Blockchain is the ledger for verifiable autonomous systems.

  • OpenServ - a full-stack platform for building and operating autonomous AI agents, offering SDKs, agent tooling, generative UI, and crypto-native integrations, with the SERV token used for payments, staking, and governance.
  • Kite AI - a purpose-built Layer-1 for the agent economy that makes identity and payments native primitives, anchored by its three-tier Agent Identity Resolution stack (user → agent → session keys) so an agent can transact and be audited without exposing its owner's wallet.
  • ERC-8004: an Ethereum standard for "Trustless Agents" that gives agents portable onchain identity, reputation, and validation through three lightweight registries. This lets an agent's track record follow it across chains.

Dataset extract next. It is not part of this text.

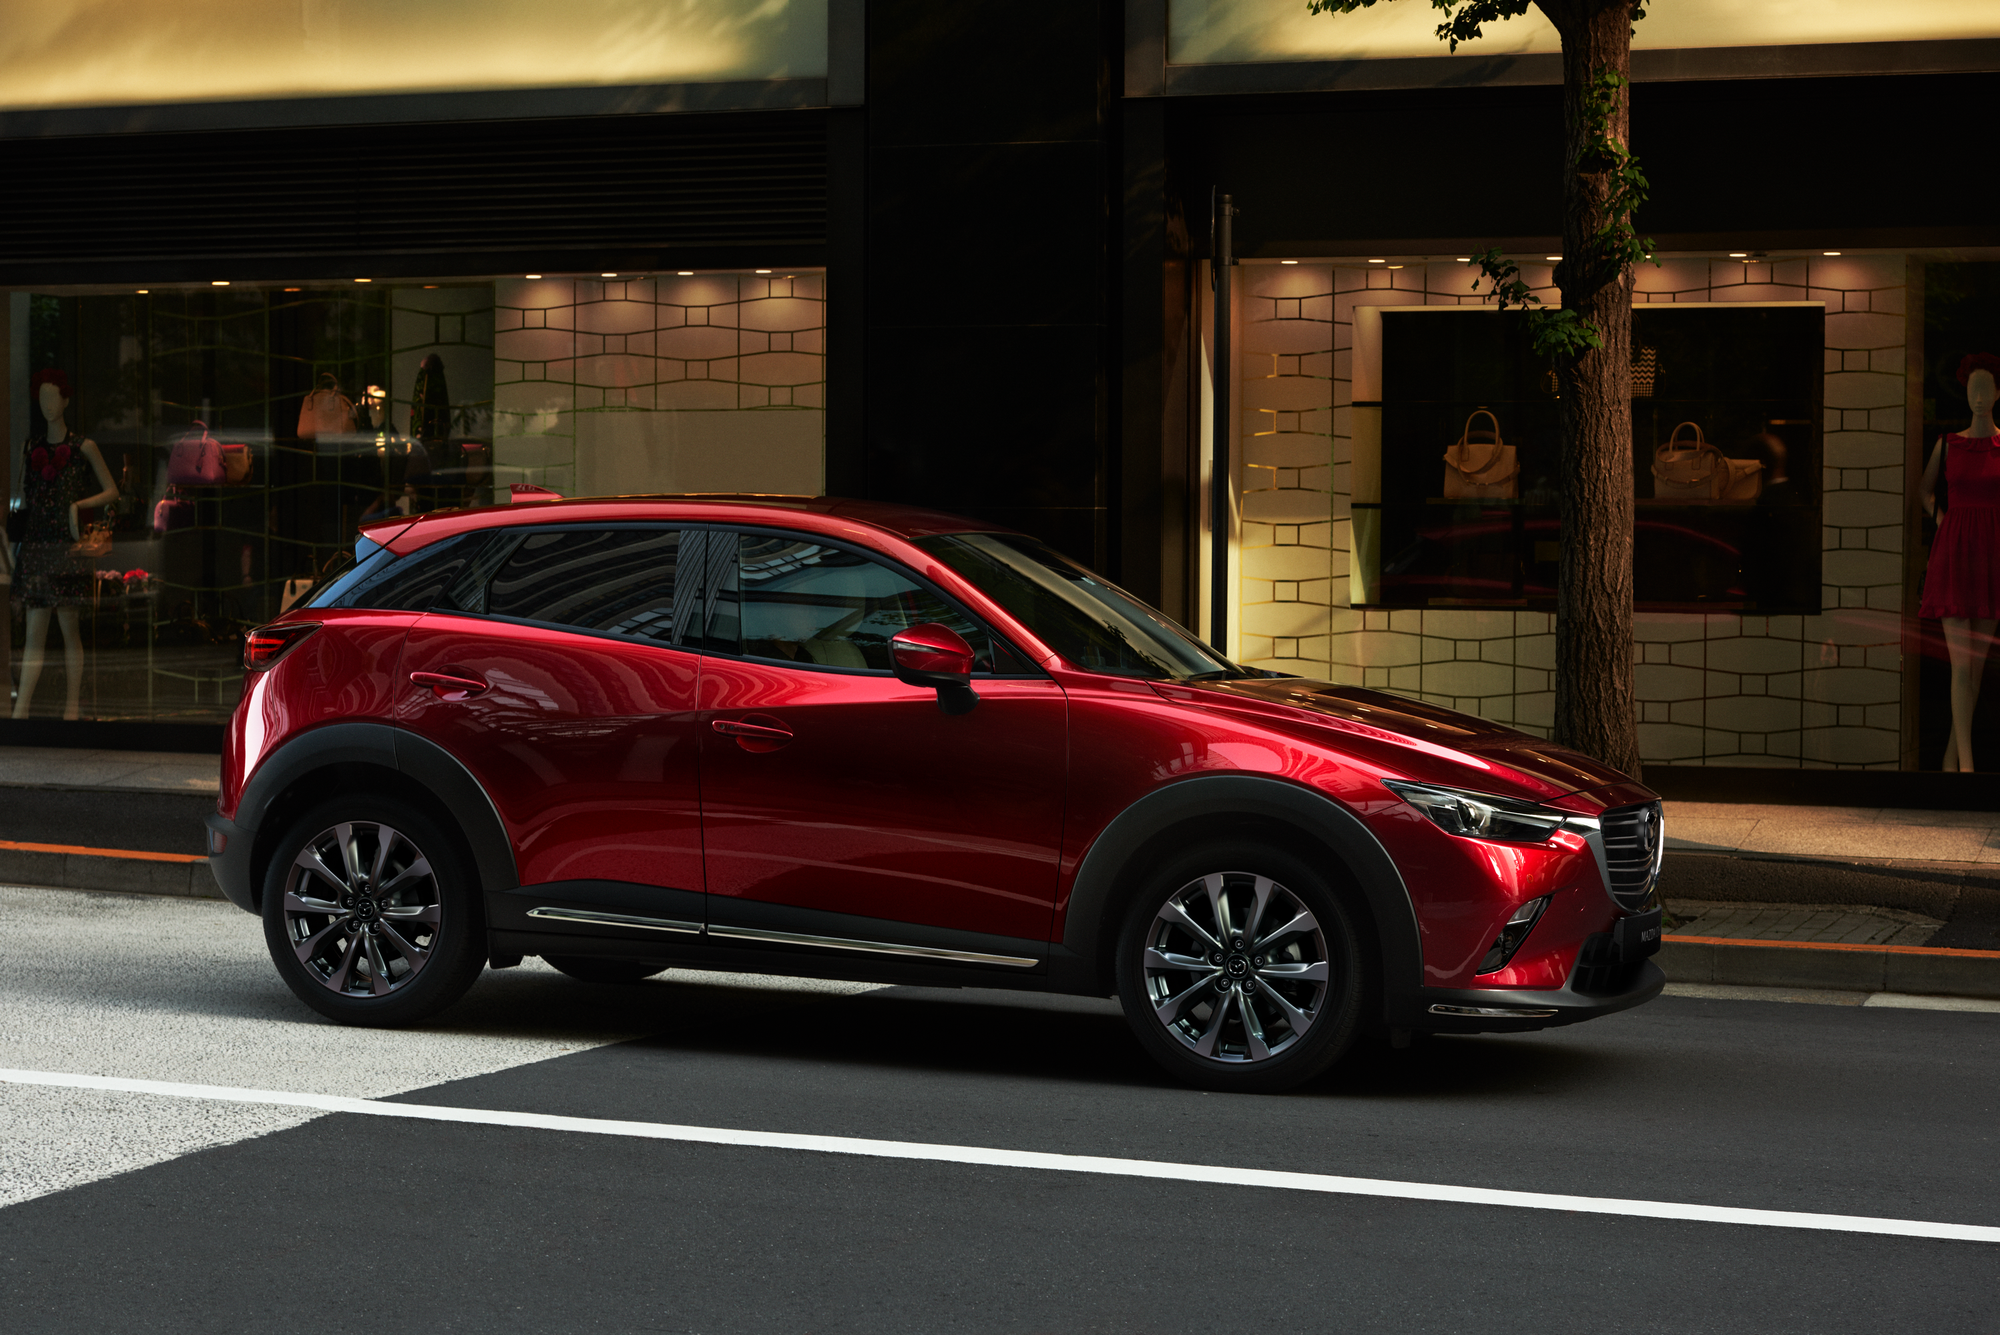 Tầm giá 600 triệu, khách hàng có thể sở hữu những mẫu xe nào của Mazda? - Ảnh 4.

Marketplaces: where agents get launched and owned

  • Virtuals Protocol is the biggest operating system for the agent economy on Base. Virtuals provides agents with onchain identity, wallets, payments, compute access, and a framework (ACP) for agents to discover, hire, and transact with one another. It’s also a token launchpad to capitalize AI agents, and is expanding into robotics through Eastworlds. By May 2026, the ecosystem had processed over 2.38M agent jobs and generated nearly $480M in Agentic GDP, with a 10% increase in agentic wallets in the last 30 days.
A screenshot of Virtuals agentic commerce protocol
Virtuals agentic commerce protocol. Source: Virtuals Protocol
  • Bankr is the social marketplace for agents. Every agent gets a cross-chain wallet, can launch its own token, and can use fee revenue to fund compute costs. Around that, Bankr provides APIs, plugins, marketplaces, and agent-to-agent payments, making it easier for agents to operate as self-sustaining businesses.
  • GitLawb extends that idea to code itself: a decentralized git network on Base where repos are "living artifacts. Code written by agents, reviewed by agents, deployed by agents," with Bankr integration letting any repo issue a token tied to its onchain identity.

Coordination layers: organizing decentralized intelligence

Bittensor is the crown jewel of coordination, and it's the most important single network in the middleware layer for AI.

Bittensor is a network of specialized subnets. Each is its own micro-economy where miners run AI models, validators score the outputs, and TAO emissions flow to whoever produces the most useful work. What makes Bittensor economically competitive for decentralized AI coordination is:

  • The December 2025 halving cut daily TAO issuance from 7,200 to 3,600 (next halving December 2026, down to 1,800) against a hard 21-million cap.
  • The dTAO upgrade gave every subnet its own Alpha token and AMM pool, so the market decides emissions. 
  • The Taoflow upgrade, live since November 2025, allocates emissions purely by net staking flows - a subnet bleeding more unstakes than stakes can drop to zero emissions. It's Darwinian by design.

The result has been growth across key metrics: more active subnets, more accounts, more TAO staking and allocation to subnets.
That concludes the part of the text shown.